Ms. Pizzini, who worked for decades in social-services jobs in state and county government in California, said, “Marty brought the lived experience in an environment like that. Jerry [Brown] trusted him that this was a good policy thing to do.”

One of the achievements her husband was proudest of, she said, was a contract negotiation he billed as “janitors to judges” that provided pay raises soon after the bill became law in equal dollar amounts, rather than percentage increases, to employees in all state job titles. “Everybody got $70 a month” more, she said, with further increases in dollar amounts to those on the lower end of the pay scale later granted “as appropriate.”

Helped Them Keep Pace

The reasoning behind that, Ms. Pizzini said, was that it was the best way to bring up salaries for the lowest-paid state workers, who under the traditional system of percentage increases would have fallen further behind their higher-salaried colleagues. A variation on that used to be utilized at DC 37, where a contract rooted in percentage raises would also include a minimum dollar amount that exceeded those percentages for its lowest-paid members.

Mr. Morgenstern’s career after Mr. Brown’s second term as Governor ended at the beginning of 1983 moved to working for state agencies when Republicans held the job and advising Democratic Governors when won it back. He worked for the state Public Employment Relations Board and in California’s public-university system, as well as doing some consulting work for more than a decade, and when Gray Davis became Governor in 1999, he appointed Mr. Morgenstern Director of the Department of Personnel Administration, which Ms. Pizzini said had replaced the Office of Employee Relations.

When Mr. Davis was recalled by the state’s voters in late 2003, Mr. Morgenstern retired from state service, but he returned in his late 70s when Mr. Brown began a second stint as Governor in 2011 as the state’s Secretary of the Labor and Workforce Development Agency.

The following year, Mr. Morgensten helped the Governor persuade state legislators to approve a major overhaul of the state’s Workers’ Compensation program. But he also antagonized some union leaders by negotiating a less-generous pension system for future employees—something which happened that same year in New York under Gov. Andrew Cuomo despite protests from labor leaders here.

‘Wasn’t Sustainable’

In New York, where the state and city pension systems were in far better shape in terms of funding than in other states like New Jersey, Illinois and Kentucky, there were suspicions that Mr. Cuomo pushed for the less-generous pensions to further win support from Republicans as he tried to expand his political base.

In California, Ms. Pizzini said, while her husband didn’t discuss his reasoning in detail with her, “I think the pension [system] as it existed wasn’t sustainable. The Governor made the decisions, but Marty recommended that it was the right thing to do.”

Mr.
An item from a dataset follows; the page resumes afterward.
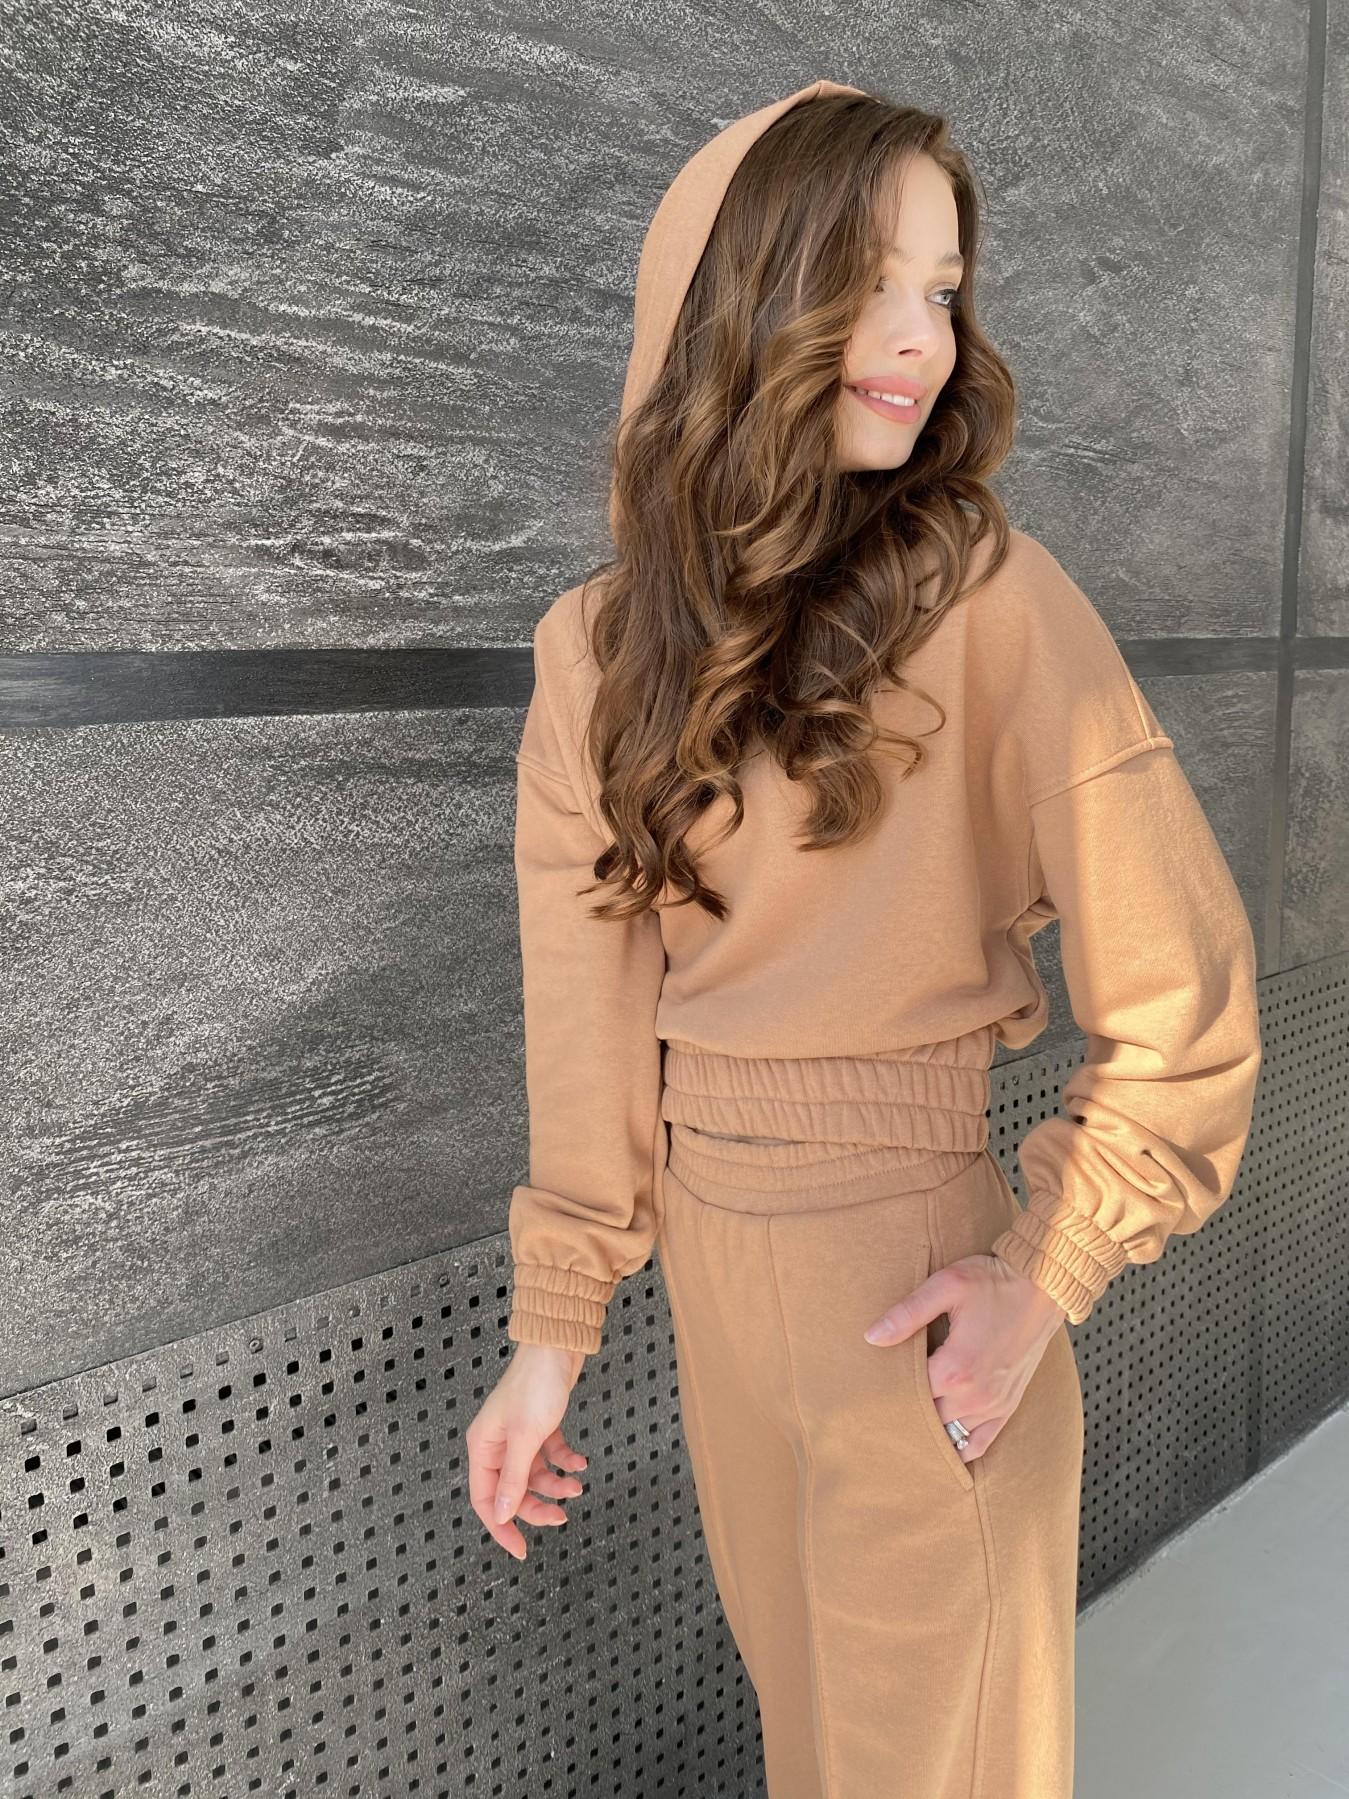 Бейби  прогулочный костюм из 3х нитки 10812 АРТ. 47284 Цвет: Кемел - фото 9, интернет магазин tm-modus.ru
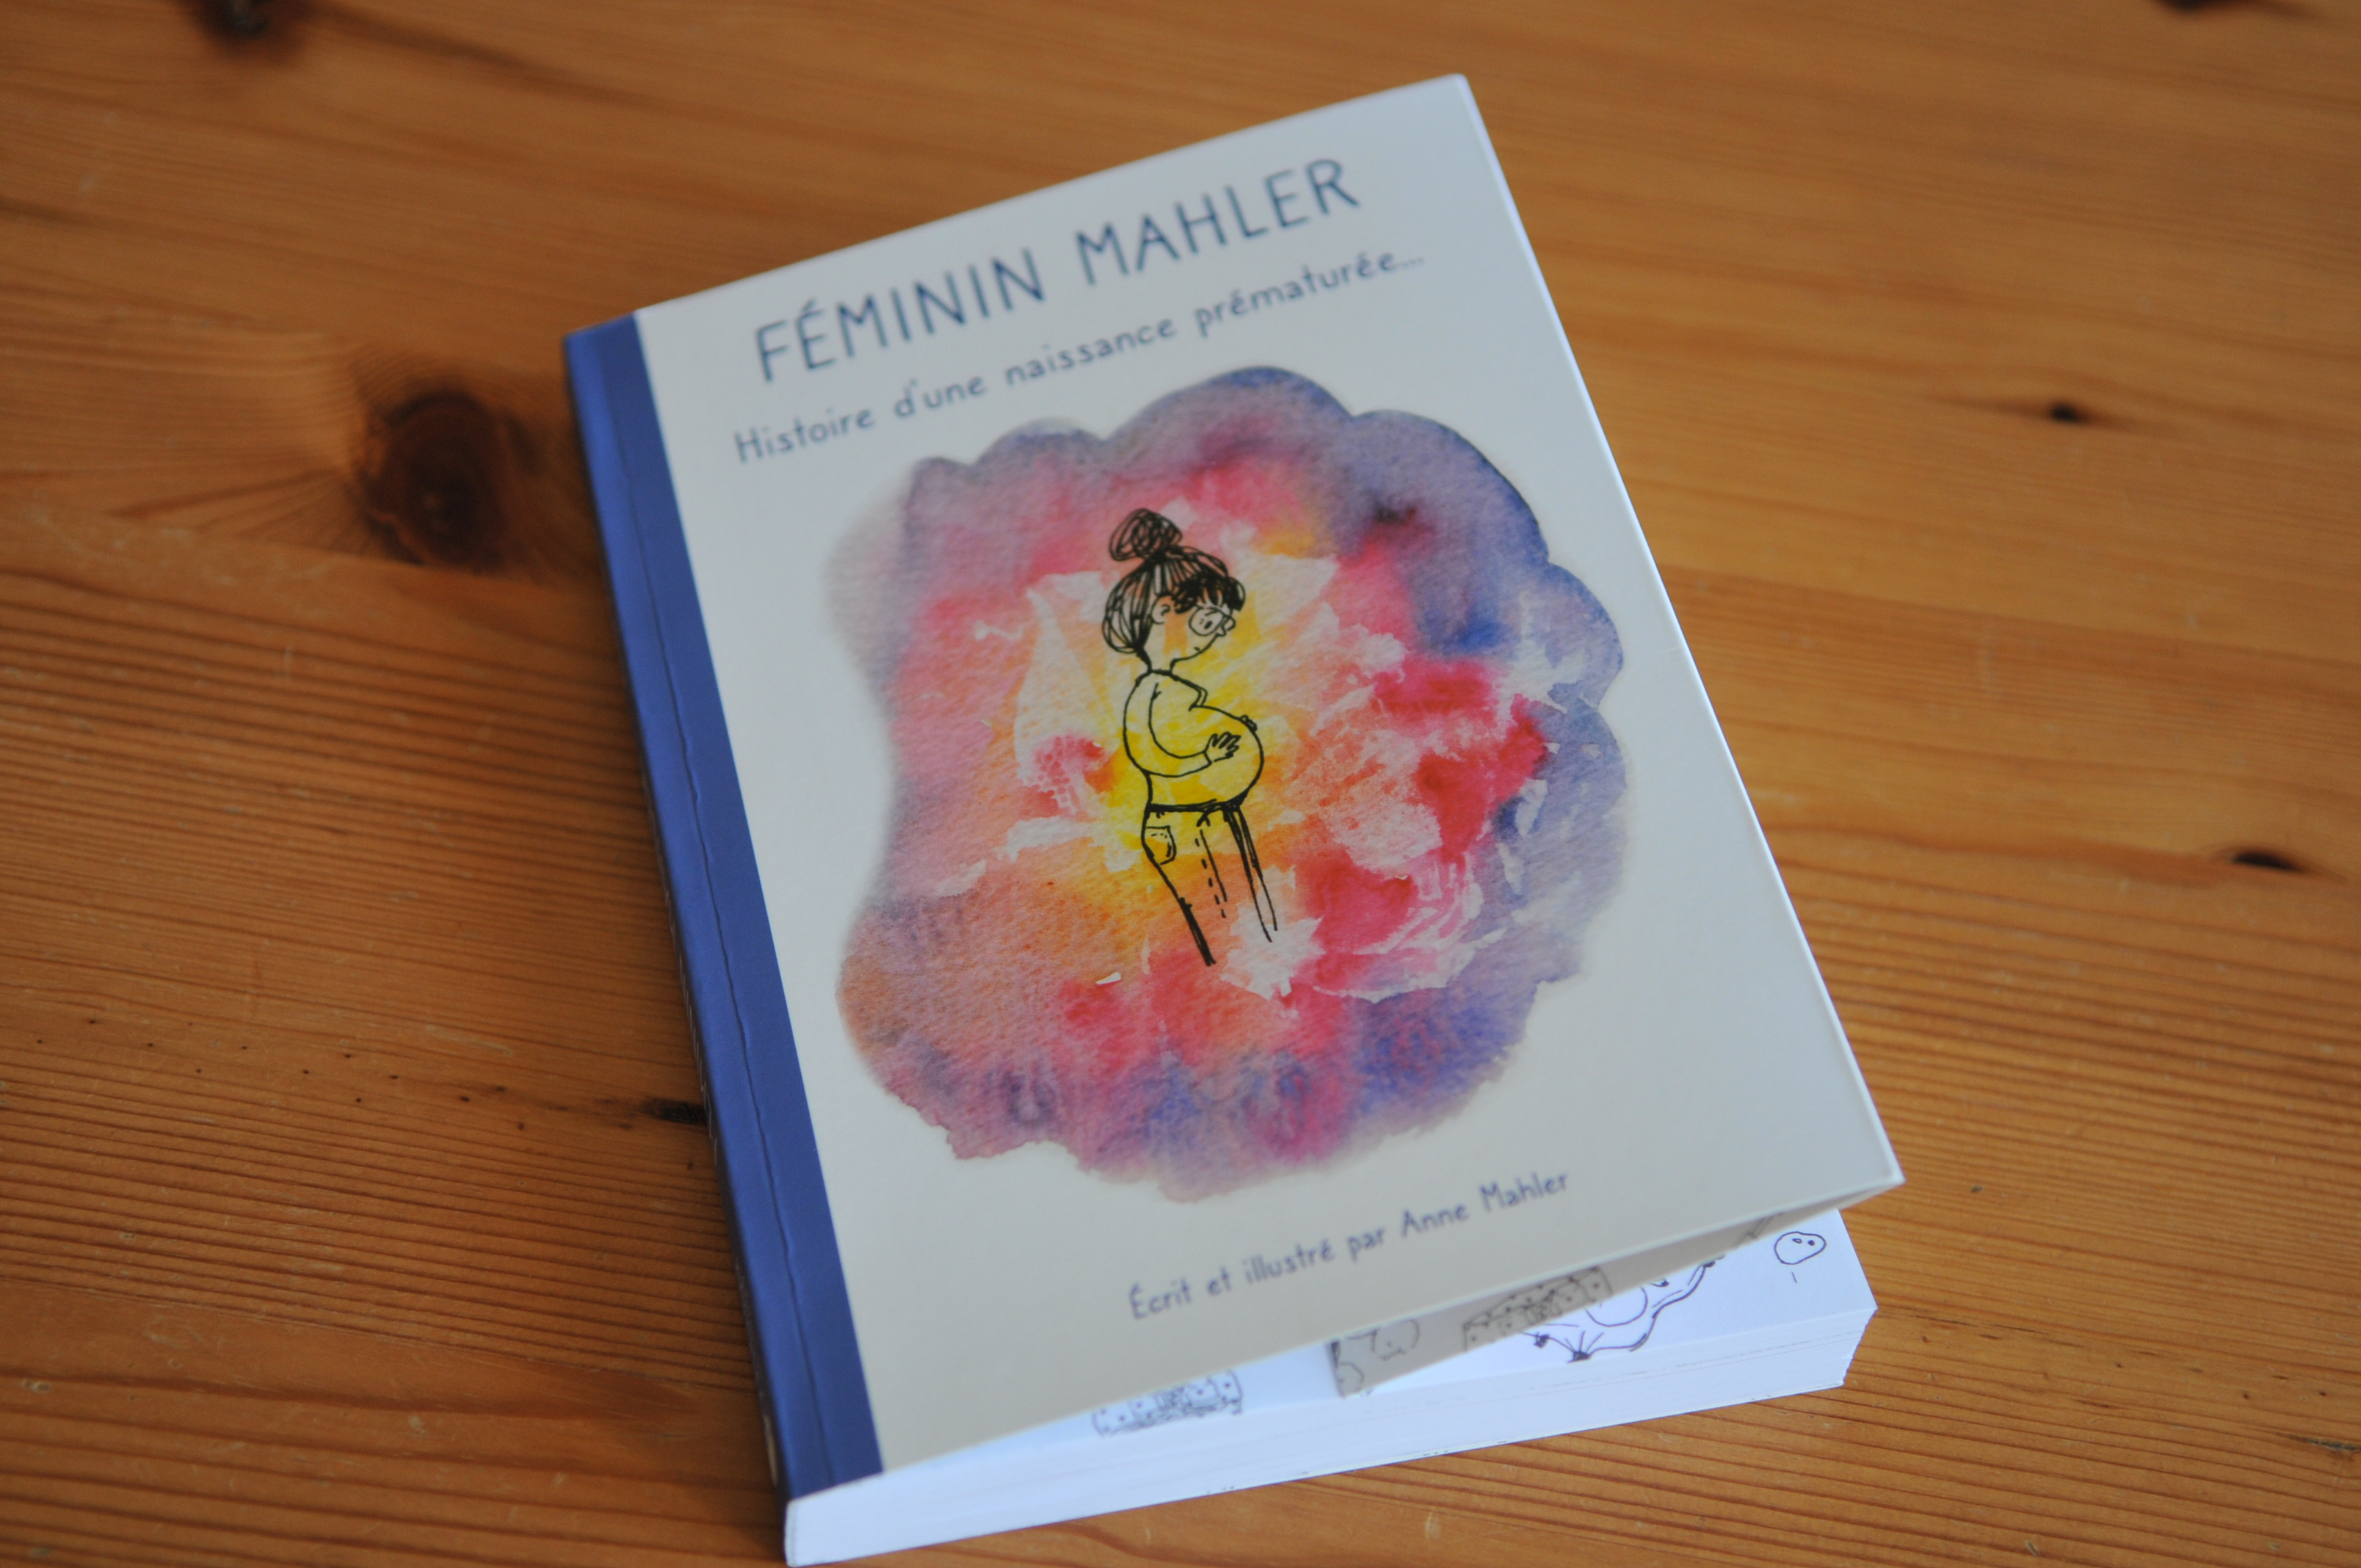 Féminin-Malher-Histoire-D-Une-Naissance-Prématurée

Morgenstern left the Brown administration late in 2013, and told the L.A. Times that his theory of government rested on three guideposts: “We never have enough money. We’ve always got to be careful with the money we spend. And always make sure you spend the minimum amount of money to get the job done.”

In 2015, he returned to government as a board member for Covered California, the state’s health-insurance exchange.

‘Never Forgot His Roots’

Al Viani, who was president of Local 371 during the welfare strike and wound up going to jail as a result, maintained a friendship with Mr. Morgenstern over the years that was not complicated much by the fact that he married Jane Morgenstern after she and Marty divorced.

In an email he sent to him a month before his death after learning of his deteriorating health, Mr. Viani wrote, “You have always served as an inspiration to me, including your great successes in life, your Bronx brashness, your over-the-top NY accent, your intellect, your political savvy, your genuine concern for working people and the poor, and for your generosity to me and others.”

Ms. Pizzini, asked whether Mr. Morgenstern was prouder of his early years in New York as a union advocate or his achievements in enacting collective bargaining and fairer treatment for lesser-paid workers as a top aide to Governor Brown, replied, “It was really a little of both. He never forgot his roots. He was proud of how he got started, and proud of what he was able to accomplish.”